SHERLOCK: Towards Dynamic Knowledge Adaptation in LLM-enhanced E-commerce Risk Management
Sherlock is an AI framework that combines Large Language Models with structured domain knowledge to automate e-commerce fraud investigation and risk management. Deployed at JD.com, it achieved an 82% expert acceptance rate and 386.7% throughput increase while continuously adapting to evolving fraud tactics through a self-improving data flywheel.
Sherlock addresses a critical operational bottleneck in e-commerce: the manual, labor-intensive process of investigating fraud across fragmented data sources. By engineering LLMs to reason over a structured knowledge base rather than relying on general-purpose capabilities, the framework demonstrates how domain-specific augmentation can unlock practical AI deployment at scale. The system's architecture reveals sophisticated thinking about real-world AI challenges—retrieval-augmented generation tailored for investigative workflows, two-stage reasoning pipelines, and mechanisms for handling long-tail knowledge gaps that pure LLMs struggle with.
The results published from JD.com's production deployment carry weight because they reflect actual operational metrics, not theoretical improvements. An 82% expert acceptance rate signals genuine utility in a high-stakes domain where false positives waste investigator time and false negatives create liability. The 386.7% throughput increase suggests the framework substantially reduces human workload, freeing analysts for higher-value judgment calls.
What distinguishes Sherlock is its self-evolution mechanism—the ability to recover from performance degradation as fraud tactics shift. Traditional ML systems degrade when patterns change; Sherlock's flywheel approach combining real-time KB updates with periodic retraining demonstrated recovery after two separate adversarial drifts, pushing the acceptance rate ceiling up 3.5%. This adaptive capacity directly addresses why pure LLM systems struggle in adversarial environments where attackers actively evolve techniques.
For the broader AI-in-commerce landscape, Sherlock validates that structured knowledge integration and continuous feedback loops are essential for production AI systems facing intelligent adversaries. Organizations deploying LLMs in fraud, compliance, and risk contexts should expect similar architectural requirements to achieve reliable, defensible automation.

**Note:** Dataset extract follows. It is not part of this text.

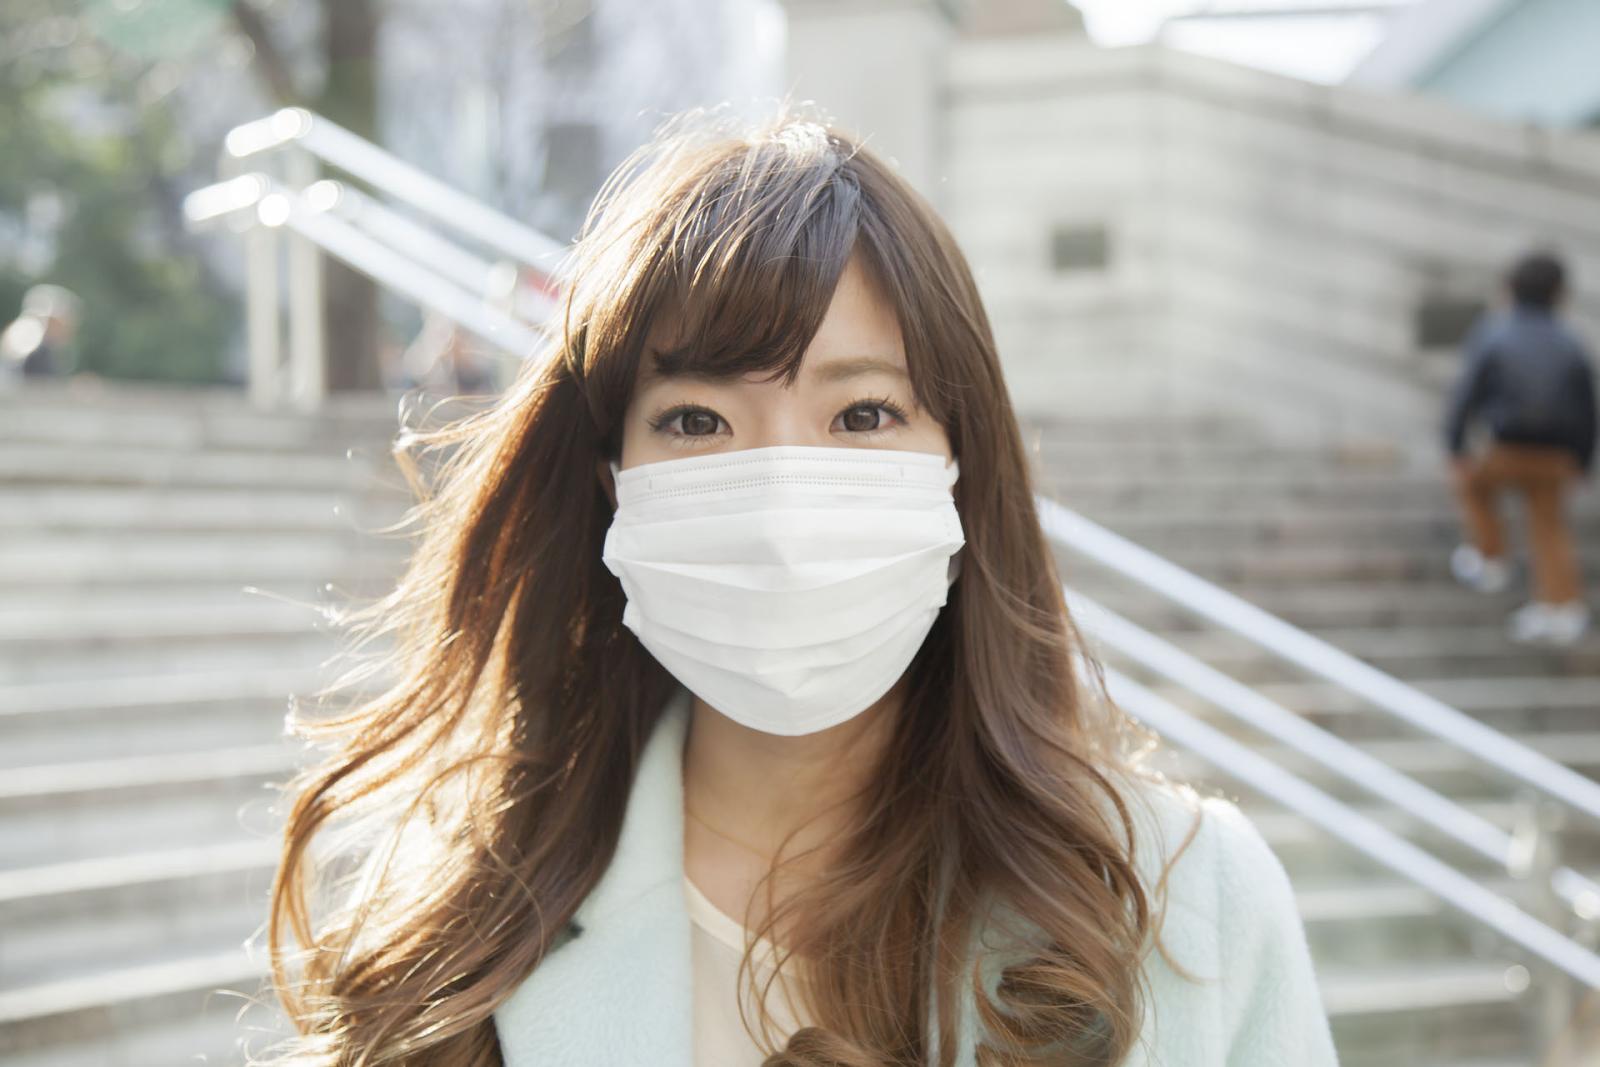 Dịch cúm đang có nguy cơ lan mạnh, Bộ Y tế cảnh báo người dân nên chủ động thực hiện các biện pháp phòng chống - Ảnh 3.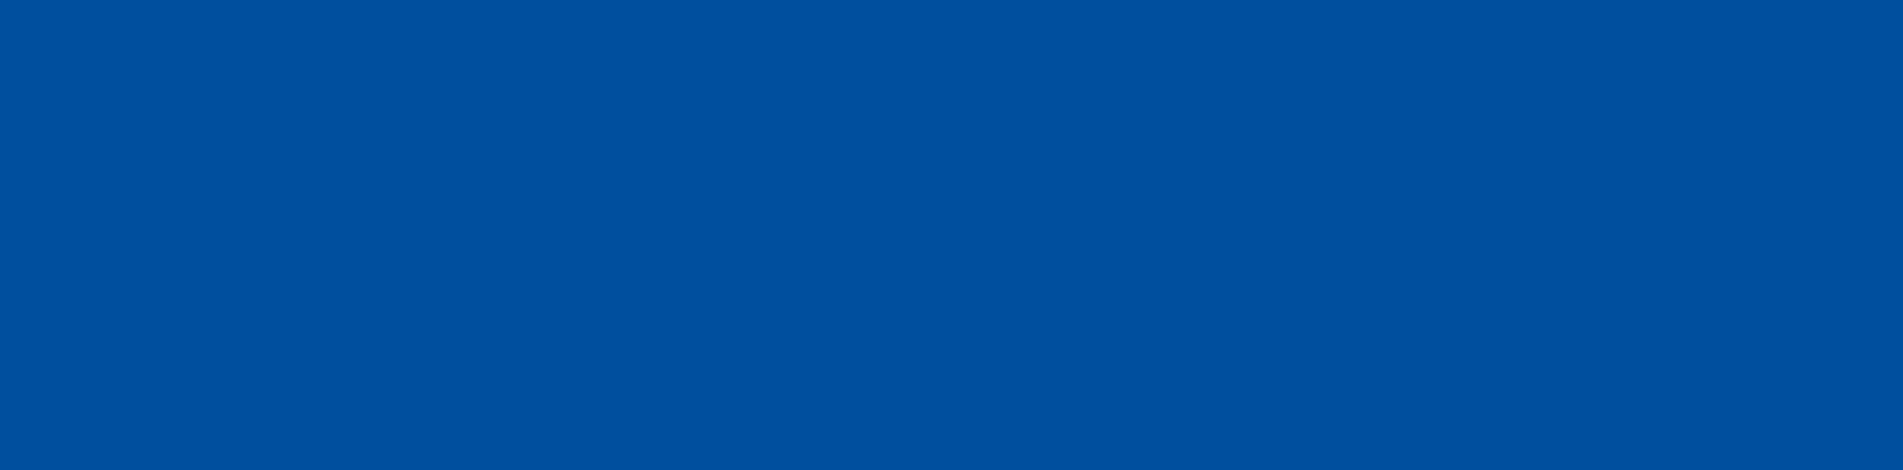 blau-slider

- →Sherlock combines LLMs with structured domain knowledge bases to automate fraud investigation, achieving 82% expert acceptance at JD.com with 386.7% throughput gains.
- →The framework uses retrieval-augmented generation and reflect-refine modules specifically engineered for multi-source case analysis rather than generic LLM prompting.
- →A self-evolving flywheel combining real-time KB updates and periodic retraining enables the system to counteract adversarial drifts that typically degrade ML performance.
- →Production deployment data shows the system successfully recovered from performance decay twice over 90 days, demonstrating practical resilience in adversarial e-commerce environments.
- →This architecture pattern—structured knowledge + LLM reasoning + feedback loops—appears critical for deploying AI in high-stakes domains with intelligent, evolving threats.